Alexandre comme Zef se définissent comme anarchistes. Ce dernier a créé le concept d’Anarchive,
sur le principe que chaque personne qui assiste à un événement d’Occupy
doit collecter sa propre mémoire, sa propre expérience et la
communiquer au plus grand nombre. Il est fermement contre l’idée d’une
centralisation des archives, films, documents qui concernent Occupy, “le meilleur moyen pour que notre histoire soit manipulée, selon lui.

Je termine la soirée avec eux dans un pavillon où l’un de leurs amis live streamer diffuse “America” de Ginsberg.
Long silence en écoutant le poème beat.
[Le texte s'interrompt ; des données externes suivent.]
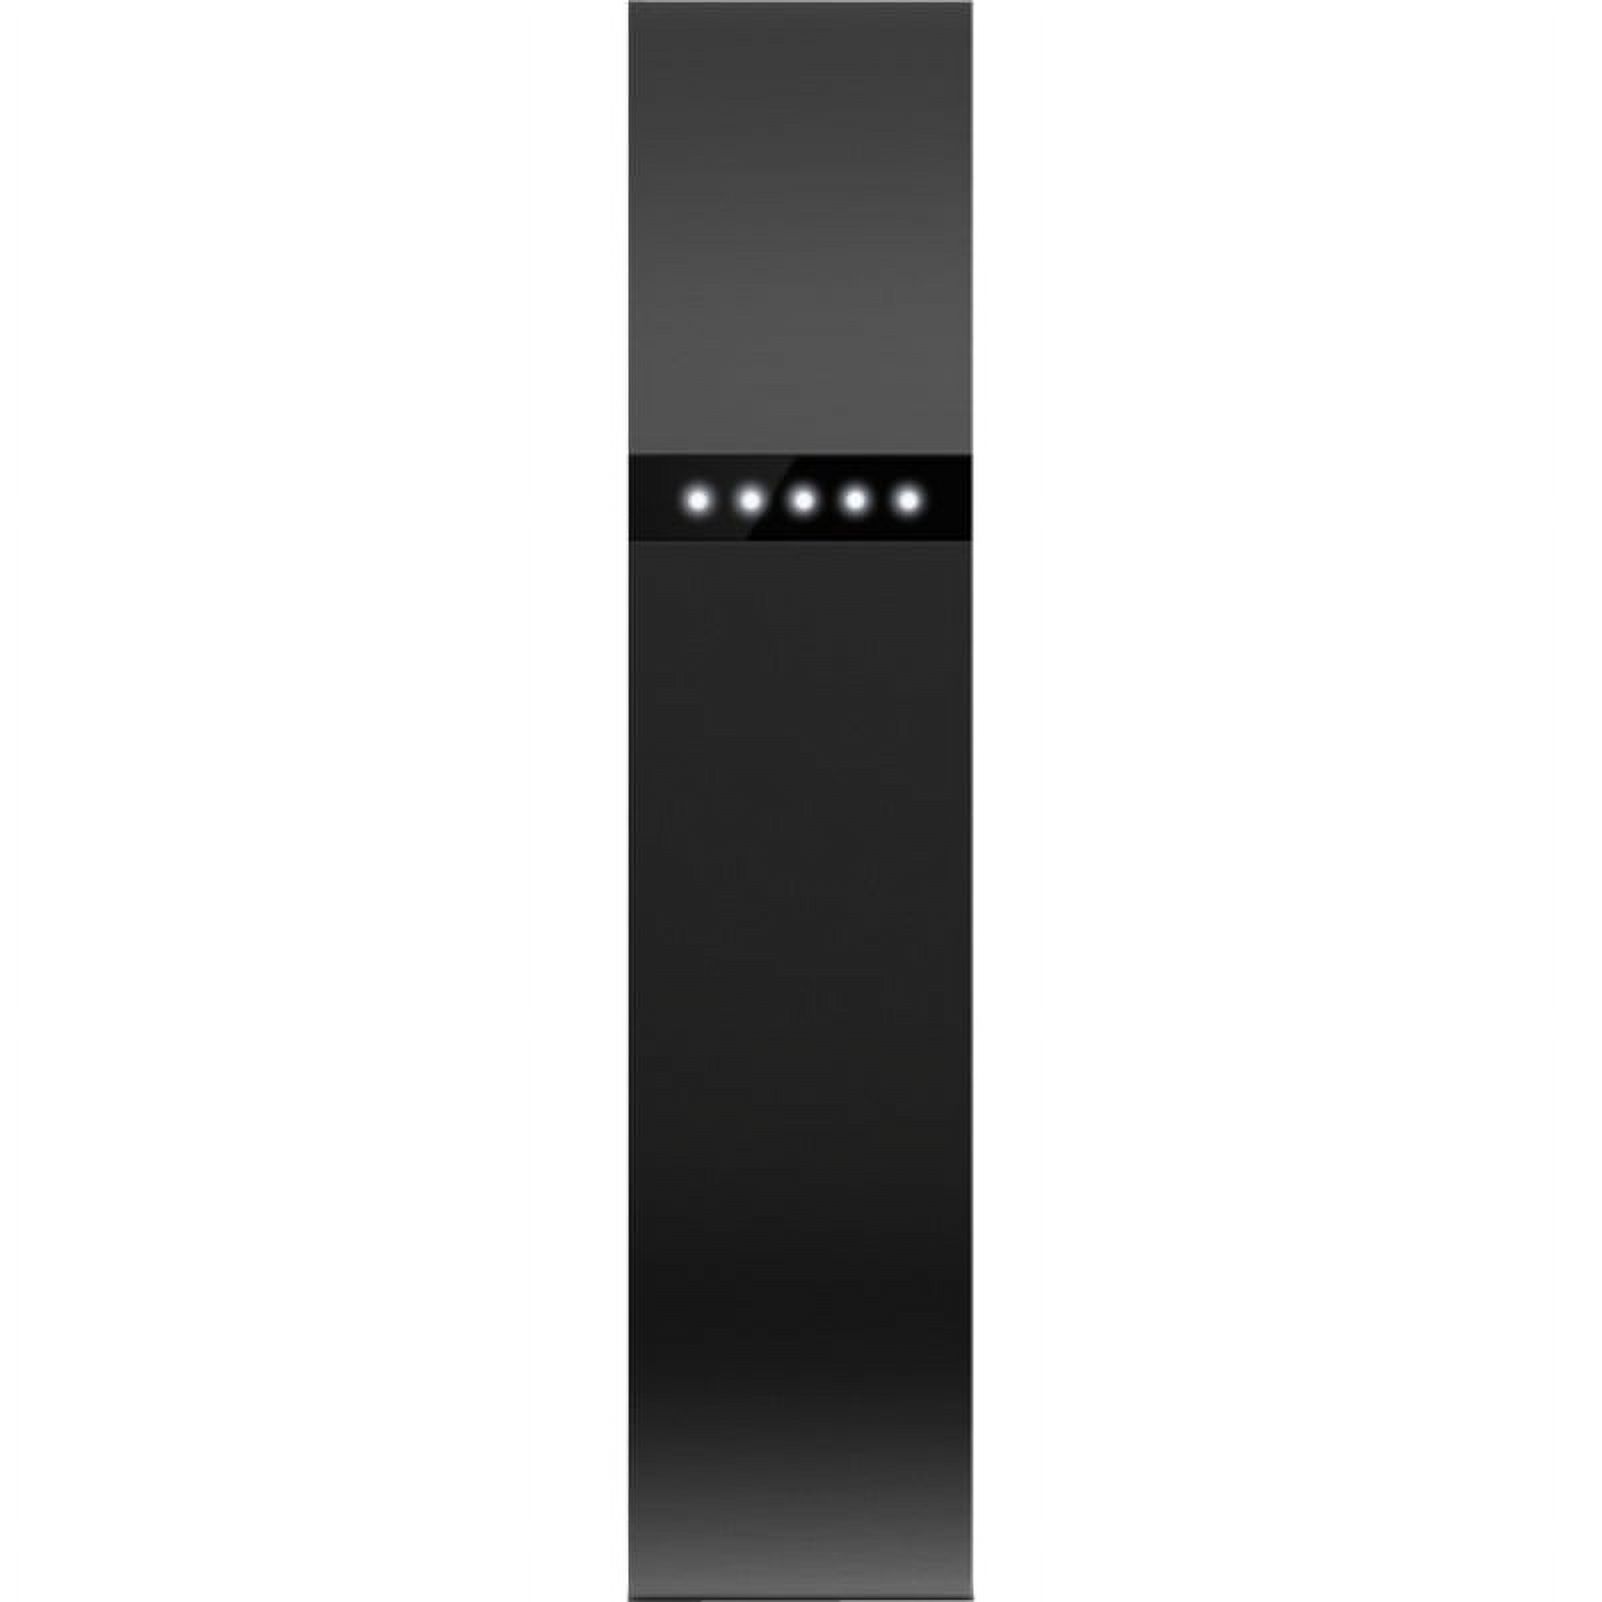 Fitbit Flex Smart Band - image 1 of 2
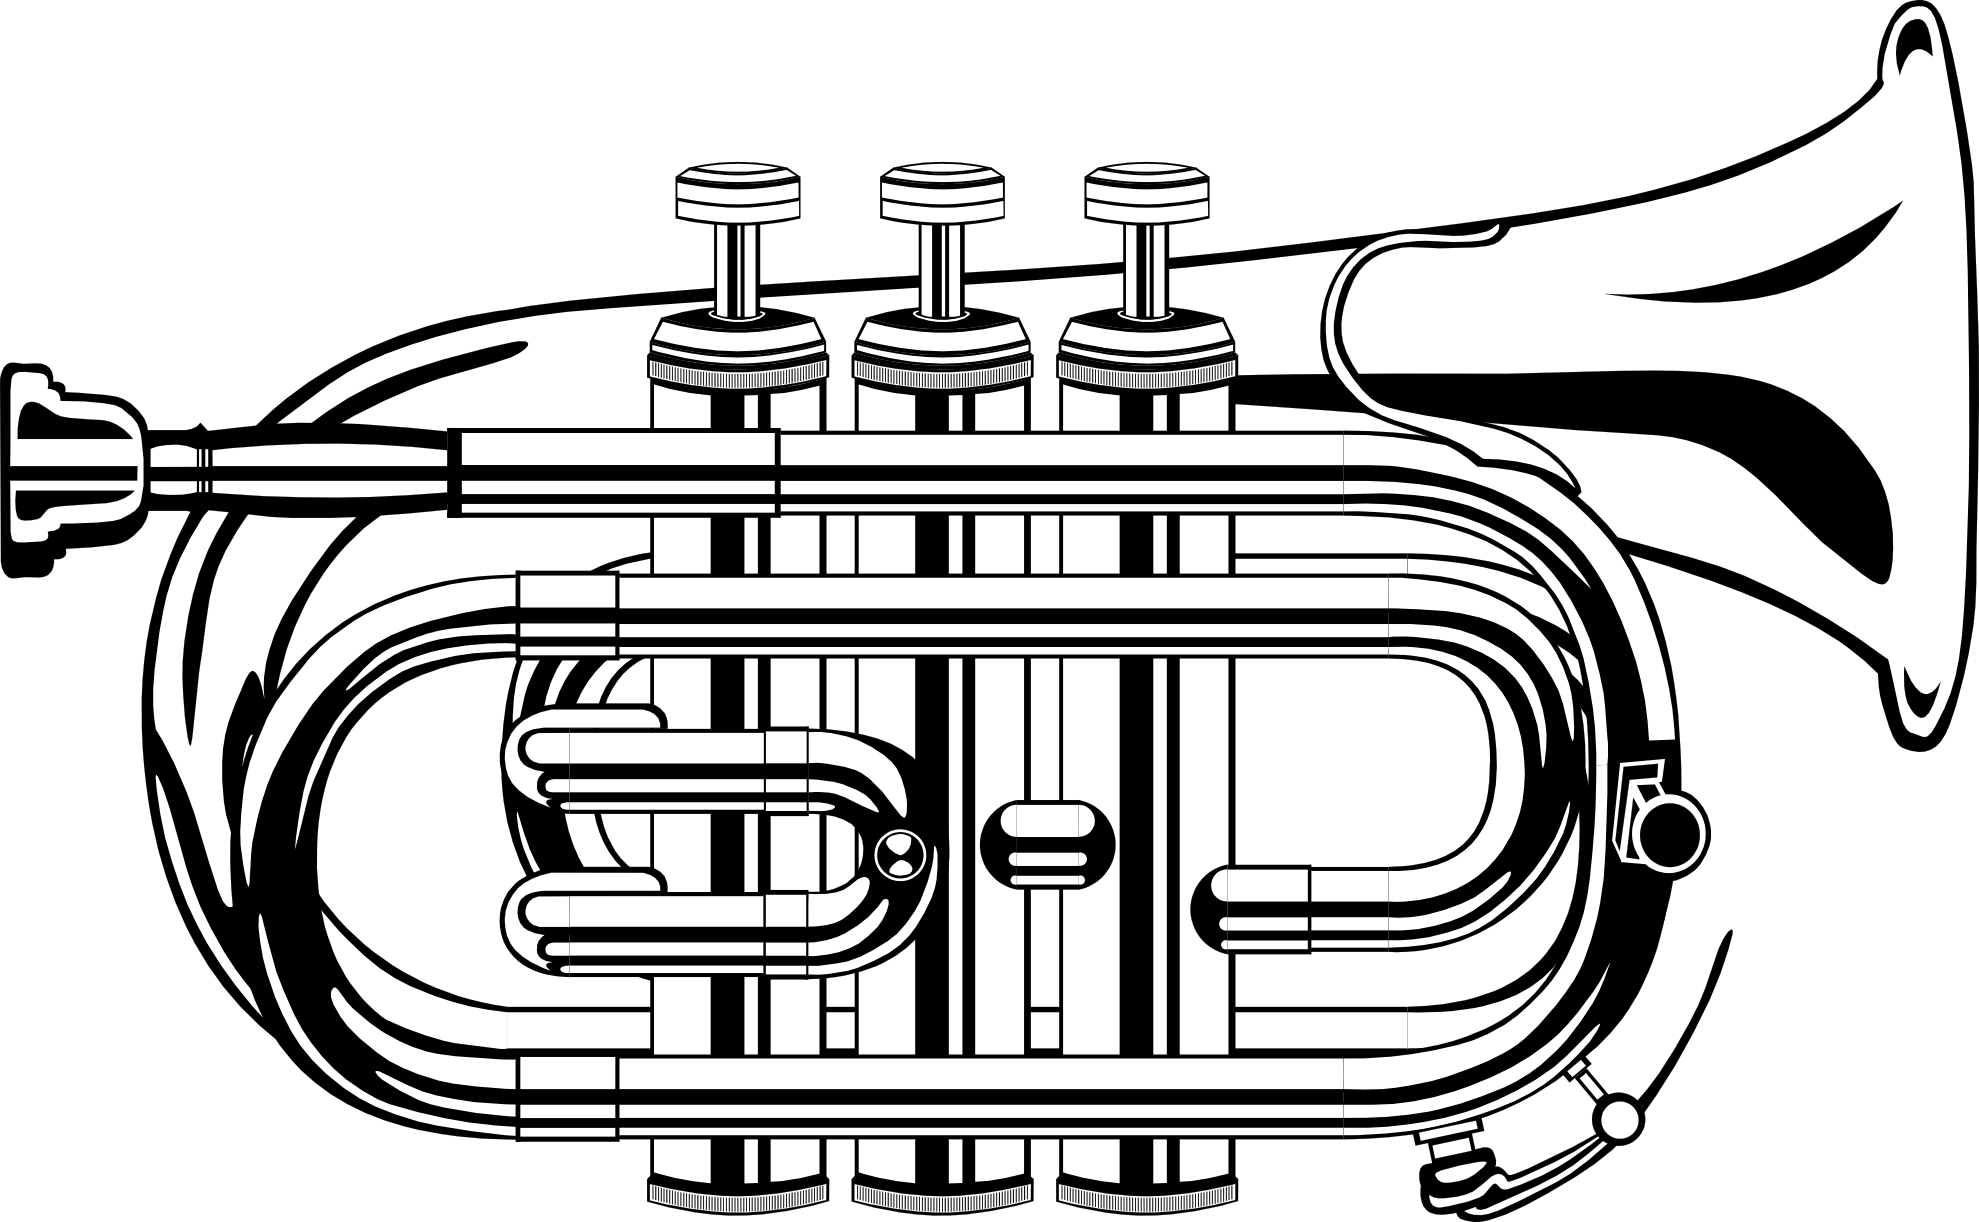 Trumpet Clip Art Black And White   Clipart Panda   Free Clipart Images

Ils me présentent leurs actions
à venir de “Novads”, leur prochain tour des États-Unis pour faire jouer
la population américaine au dernier jeu qu’ils ont inventé : Memee,
contraction de “Remember Me + Memory me + Meme”. Une forme de discussion orientée, ludique, avec la puissance d’un mème.

Alexandre est médecin épidémiologiste. Toutes les connaissances
acquises dans le champs médical lui servent aujourd’hui dans ses actions
virales en ligne.

Le jeu, jouer et l’art, ces choses sont des moyens
d’éviter l’opposition directe, et aussi de faire réfléchir les gens. Ça
les fait réfléchir à protester d’une autre manière, à considérer la
révolution d’une manière différente.
Ici, nous essayons de révolutionner la révolution.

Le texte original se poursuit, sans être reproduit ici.